Squared Exponential Kernel
Squared Exponential Kernel, A.K.A, the Radial Basis Function kernel, the Gaussian kernel. It has the form: \(k(x,x') = \sigma^2 \dfrac{\|x-x'\|}{2\rho^2}\) It also has only two parameters:
-
The lengthscale, i.e. (\rho) controls the smoothness of your kernel.
-
The output variance (\sigma^2) determines the ‘magnitude’ of your covariance function.
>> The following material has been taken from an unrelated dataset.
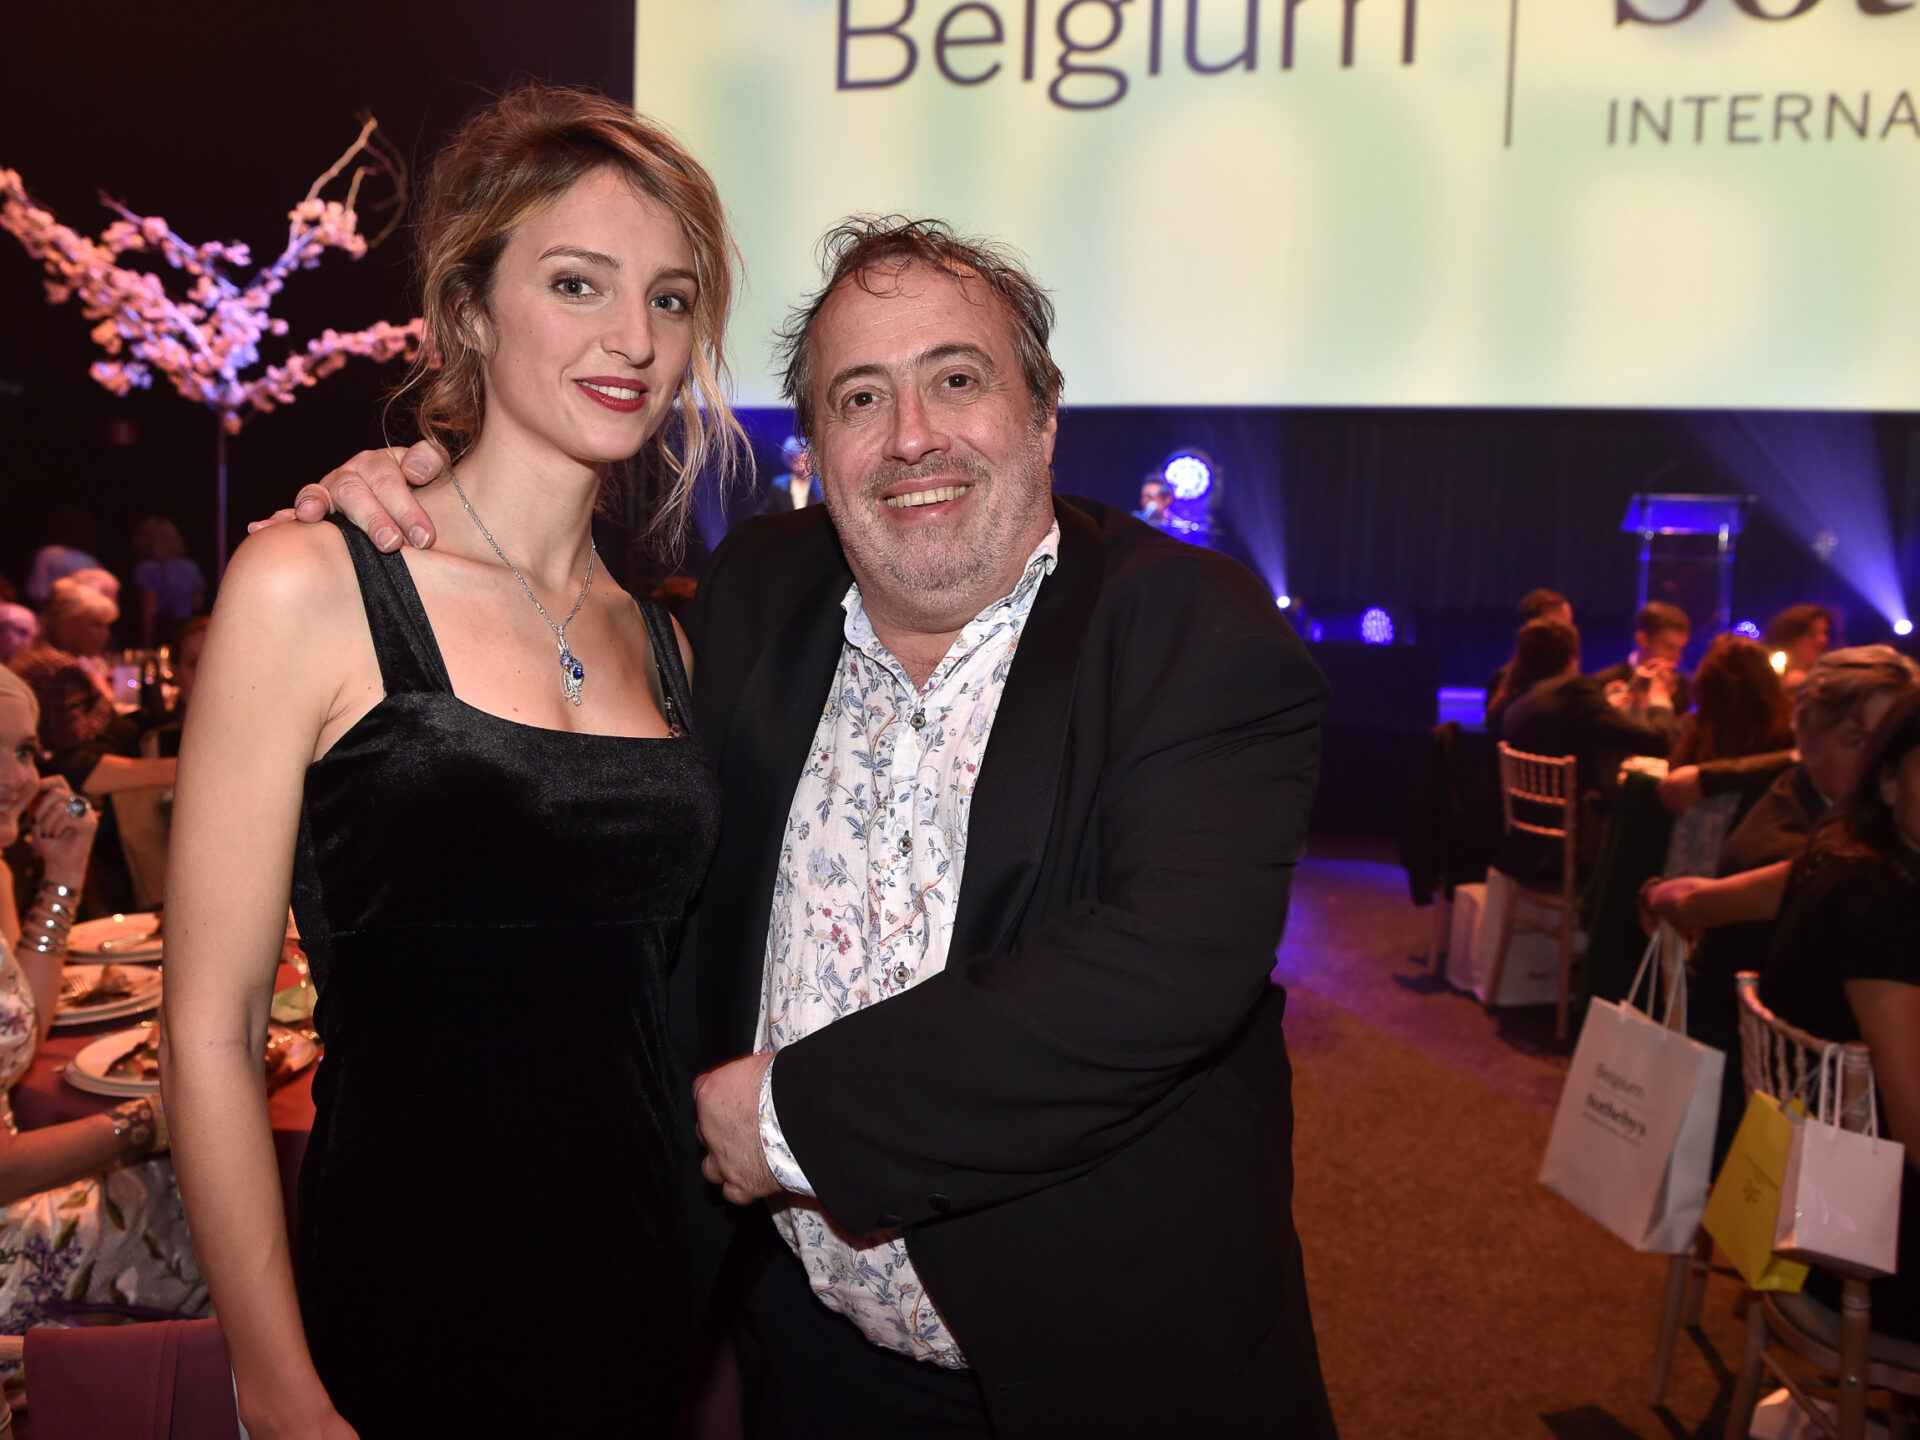 Belgium Sothebys Int. Realty Hope for Bordet Gala II
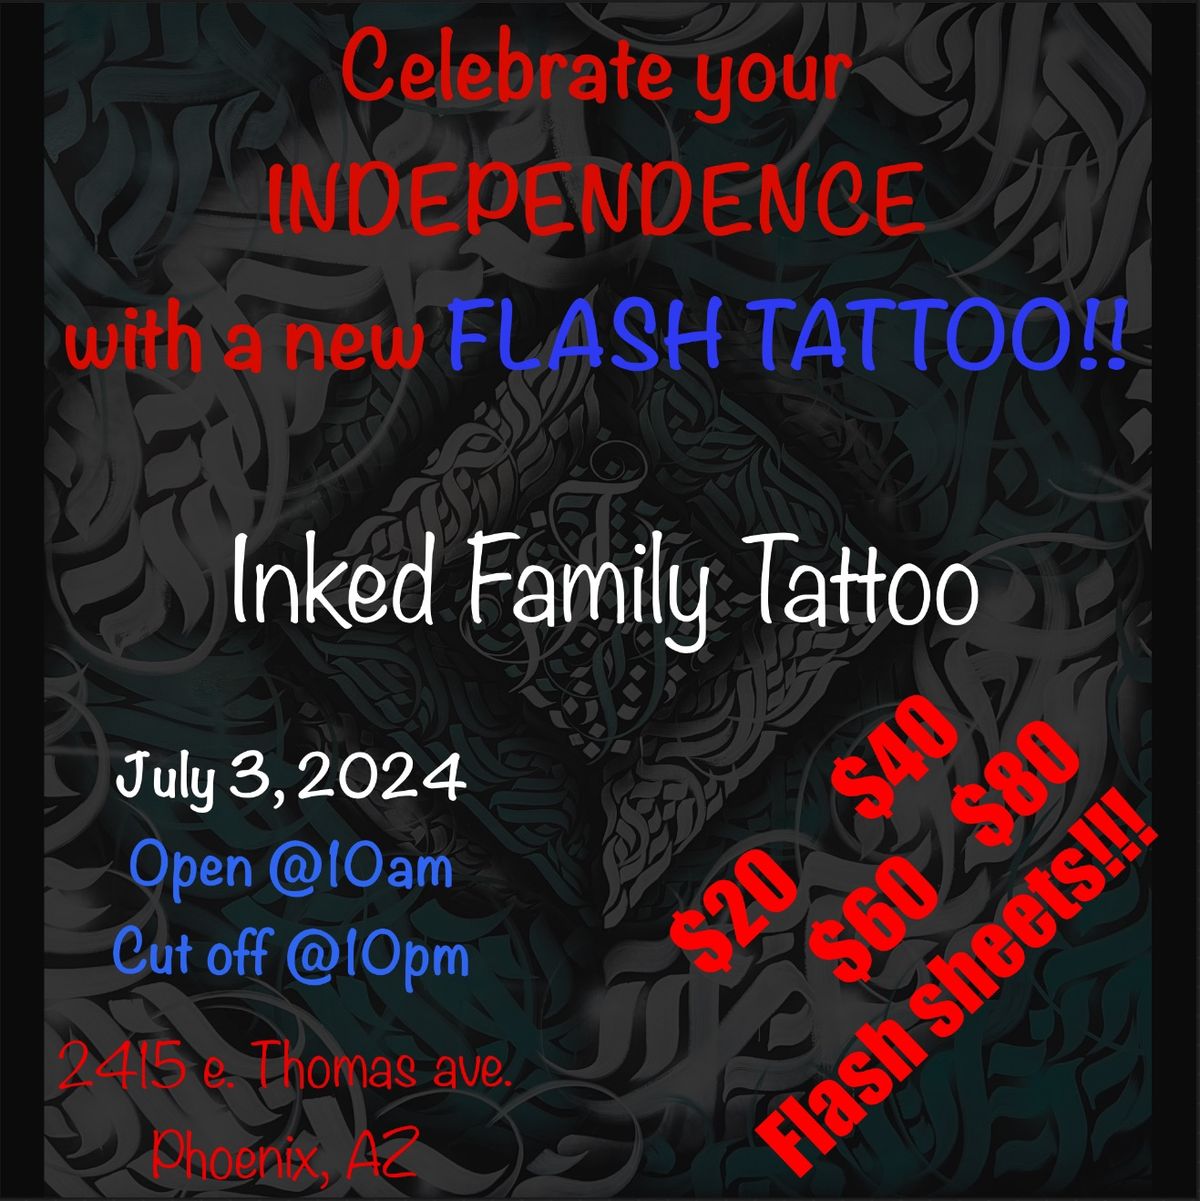  Independence Tattoo Flash Sale!!!

It is like a scale factor.
Modified Squared Exponential Kernel
We consider modified form of squared-exponential covariance kernel, defined as:
\[\kappa(x, x') = \exp\{-a(\|x\| + \|x'\|^2) - b \|x - x'\|^2\},\quad \text{for }a>0, \quad b> 0,\]where \(\|\cdot\|\) is the \(L_2\)-norm. Notice that \(\kappa(x, x')\) reduces to standard SE kernel when \(a = 0\). Here \(a\) is the decay parameter controls the decay rate of \(\mathrm{Var}\)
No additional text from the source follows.